Almost 3 months ago, I packed a suitcase and moved to a village called Kamikatsu—a small town in the middle of Tokushima prefecture on Shikoku Island, located in the Southeastern part of Japan. This village has one traffic light and the nearest konbini (convenience store) is a 25-minute drive to the neighbouring town.
The small, picturesque town of Kamikatsu is home to a community of about 1,500 residents. I officially registered as resident number 1,501 at the time I went to the town office at the end of November.
I wake up each morning to thin, cold, but fresh, mountain air. I hear birds chirping from my window, I see the passing of the season in the fruit on the trees and the flowers on the ground. I’ve also grown accustomed to greeting all villagers—a warm friendly hello goes such a long way. The scenes of companionship (“here’s an extra daikon (Japanese radish) for you”, says the neighbour), are deeply appreciated in times when the whole world is practising social distancing.
I don’t want to idealise country life but I do feel immense peace day-to-day and it's the kind of peace I’m hard-pressed to believe you can’t find in a city without a connection to nature. Being in Kamikatsu I’m reminded of the beauty of simplicity. To paraphrase a friend, I am reminded of the parts of our lives that have gotten lost in the pursuit of convenience.
Zero waste village
It was the zero-waste and sustainability efforts that drew my attention to Kamikatsu nearly 5 years ago. I think this video by Great Big Story (above!) was one of the first videos I saw about the village. Kamikatsu is the first municipality in Japan to implement Zero Waste—an intensive recycling program that tries to avoid the use of incinerators or landfills. The village separates garbage into 45 categories—an impressive feat by many standards, but there are a lot of thoughts unpack with regards to recycling, waste, and sustainability (I will share more with newsletters to come).
A place to create with your own hands
A thought that has been lingering in my mind these past months is the value of creating and doing things with our own hands—whether that’s growing our own food or designing and conceiving the products we use every day, a lot of my most treasured experiences have been associated with learning, or more so realizing, that I’m capable of creating for everyday life, not only for art or leisure, though the lines blur and it all becomes part of the process of creation.

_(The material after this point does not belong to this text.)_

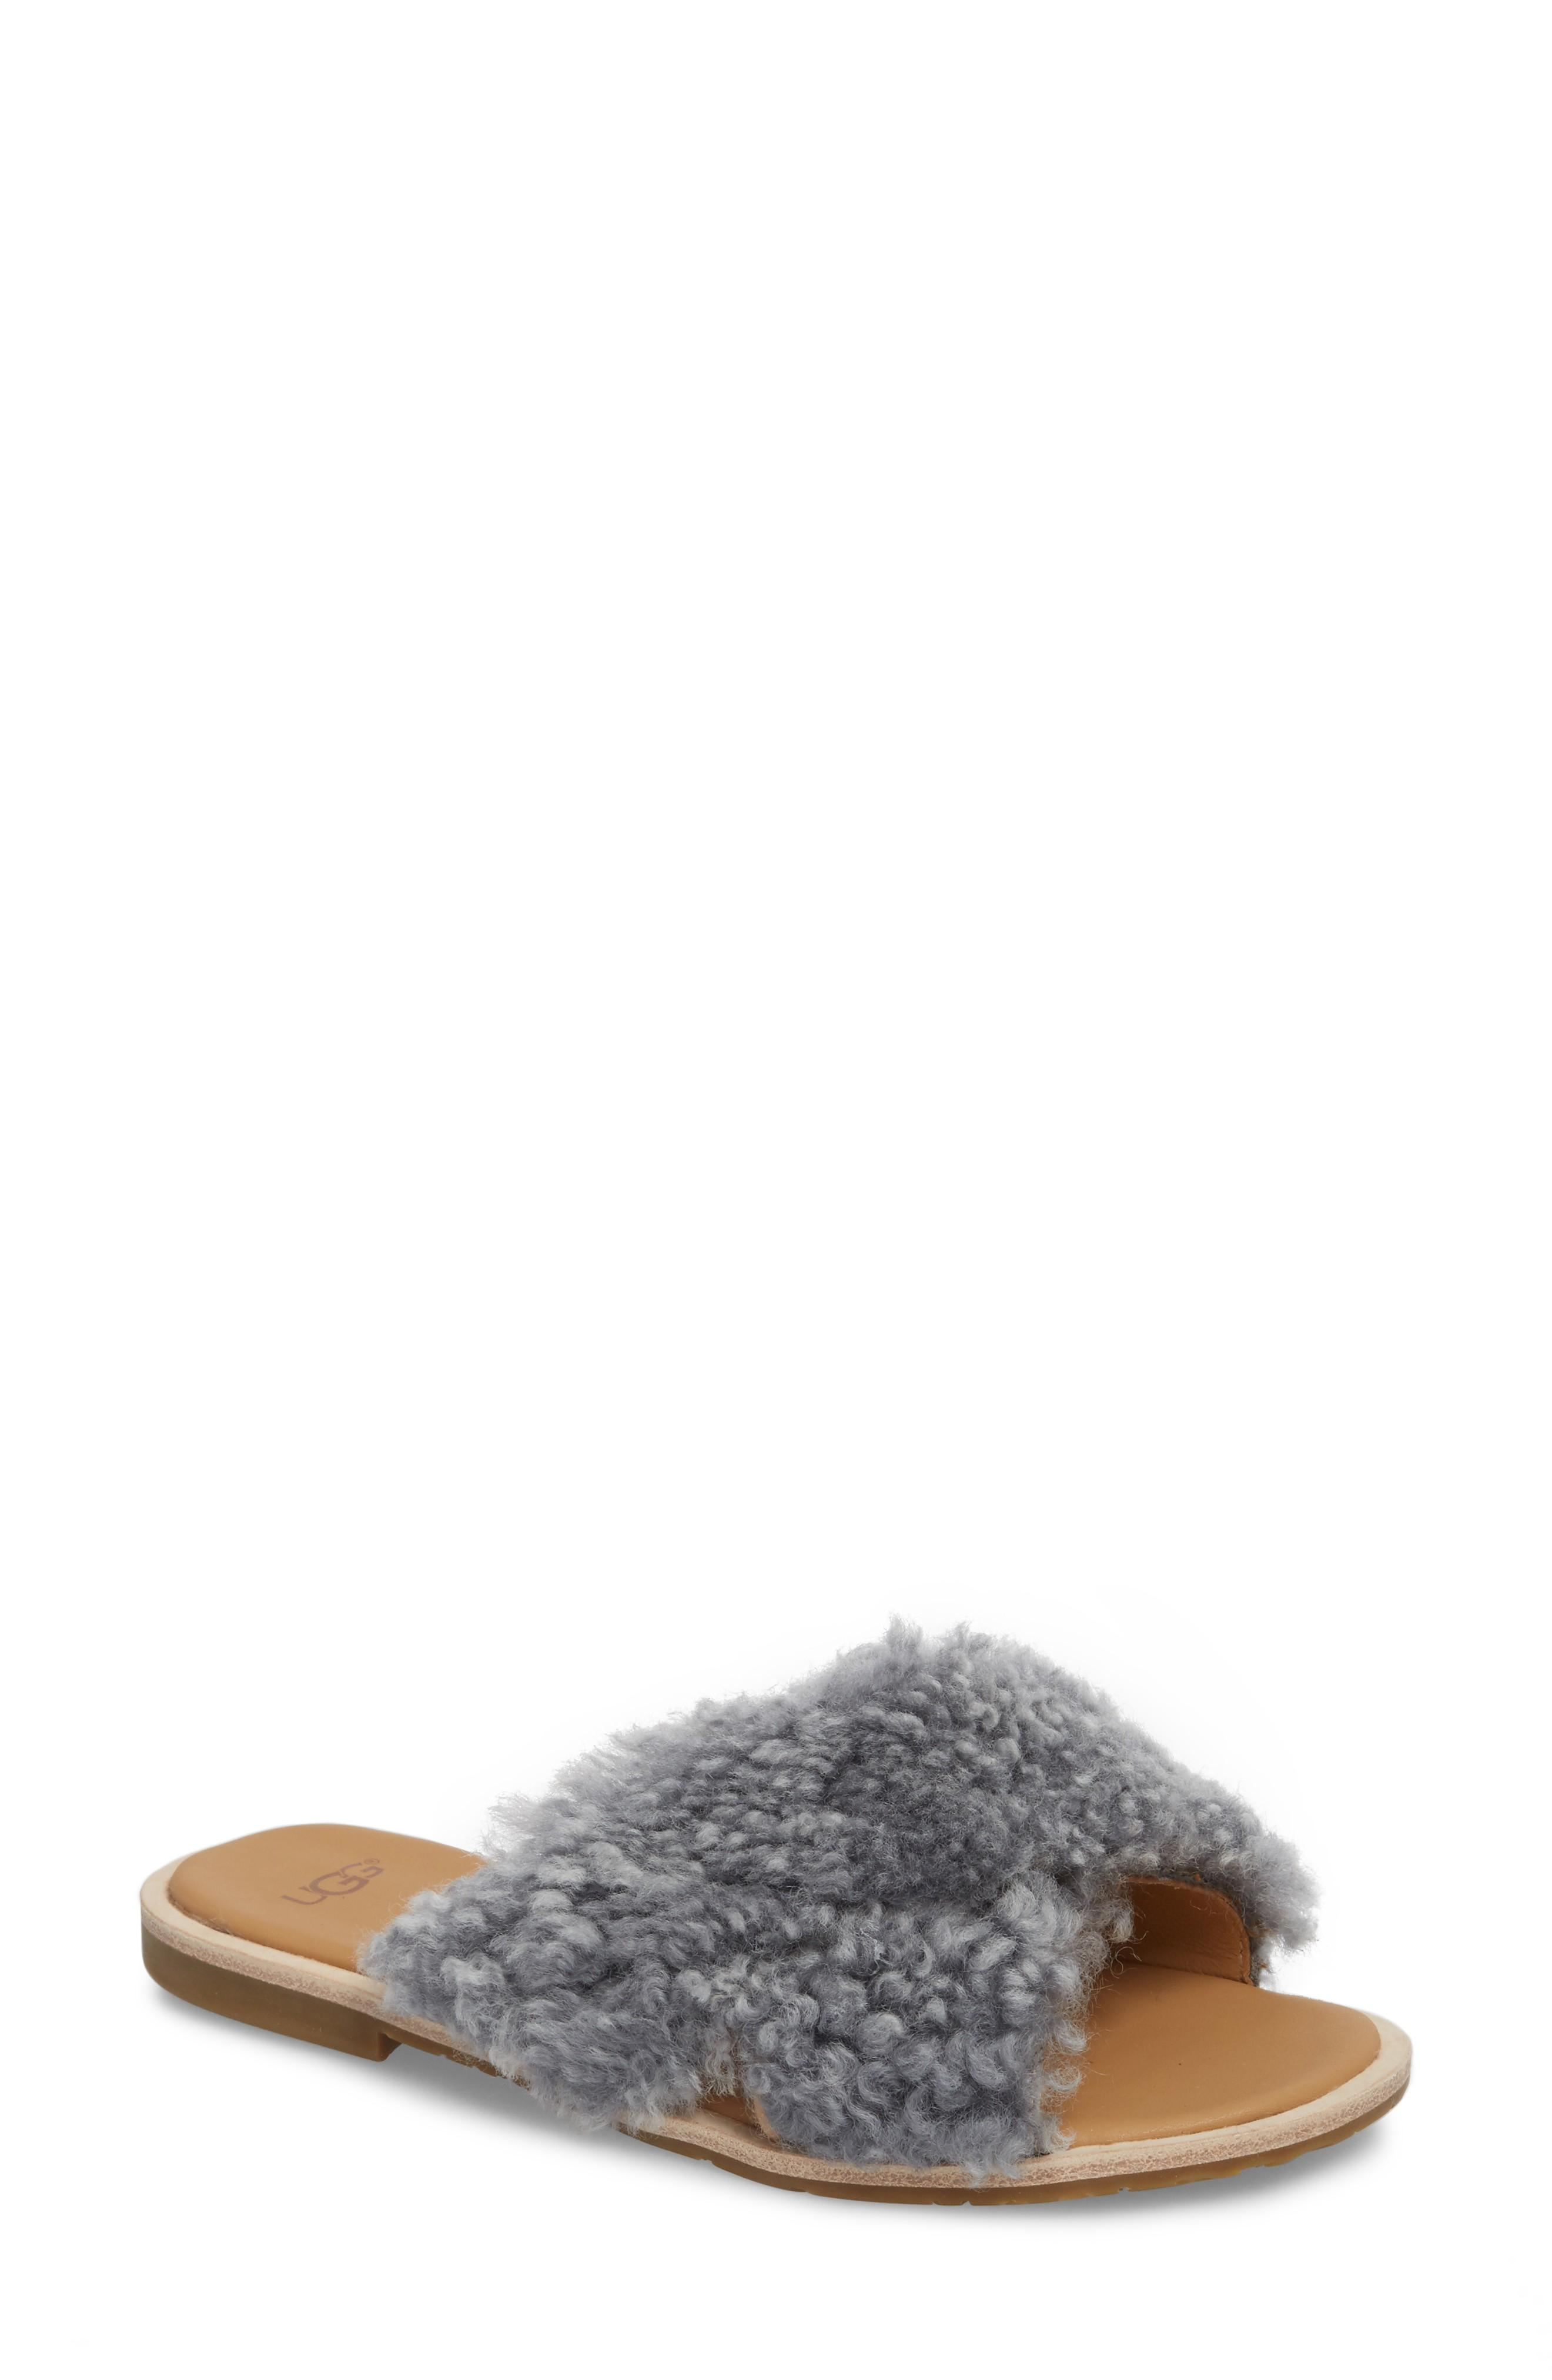 7ee2108c4 Ugg Joni Genuine Shearling Slide Sandal In Lude Grey | ModeSens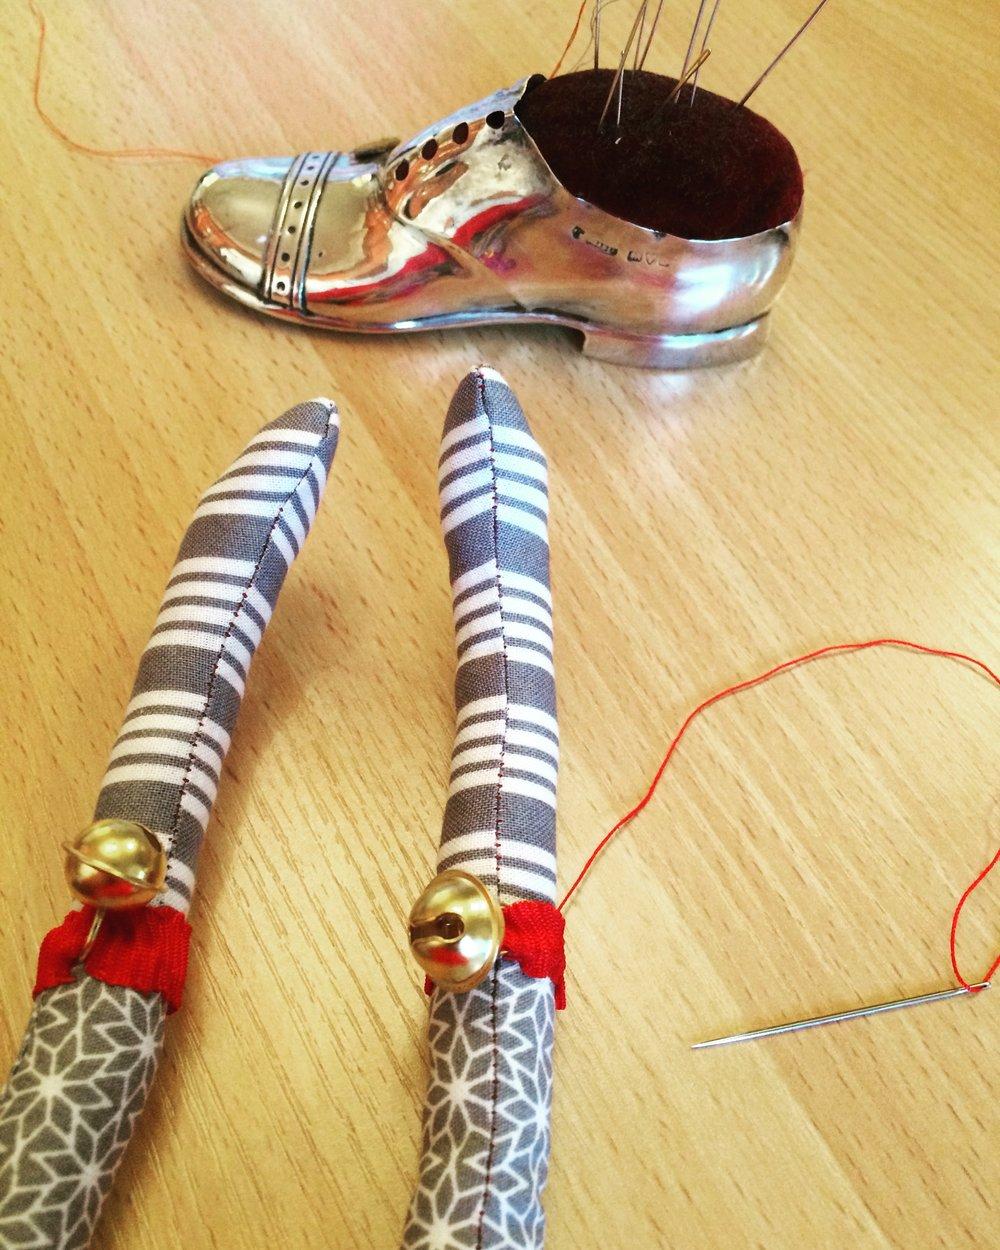 Patchwork Santa Boots.JPG

As consumers, most of us no longer make things, we buy them instead. We don’t fix, we replace. We have lost our ability to pick up a product or food and know it’s origins. When I pick up vegetables from the local market in Kamikatsu, I know which farmers harvested the vegetables. I started affirming this was normal until I went to Tokyo for a short trip and asked a friend where her mikans (tangerine oranges) came from and she said, both sincerely and jokingly, “Tokyo”; but mikans don’t grow in Tokyo. I’ve become accustomed to knowing where my food was grown and by whom.
Most of the people I’ve met in Kamikatsu know how to do things with their own hands. I see how manual craft has the profound ability to make us feel and act better. In trying to do and make things, I’ve gained a sense of autonomy and responsibility for my work. I have an admiration for the patience, focus, and persistence behind everything handmade.
Instead of imagining ourselves to be all-powerful, yet all the while feeling strangely powerless, making and fixing things instils both a sense of power over what you can control and honesty about what you can't.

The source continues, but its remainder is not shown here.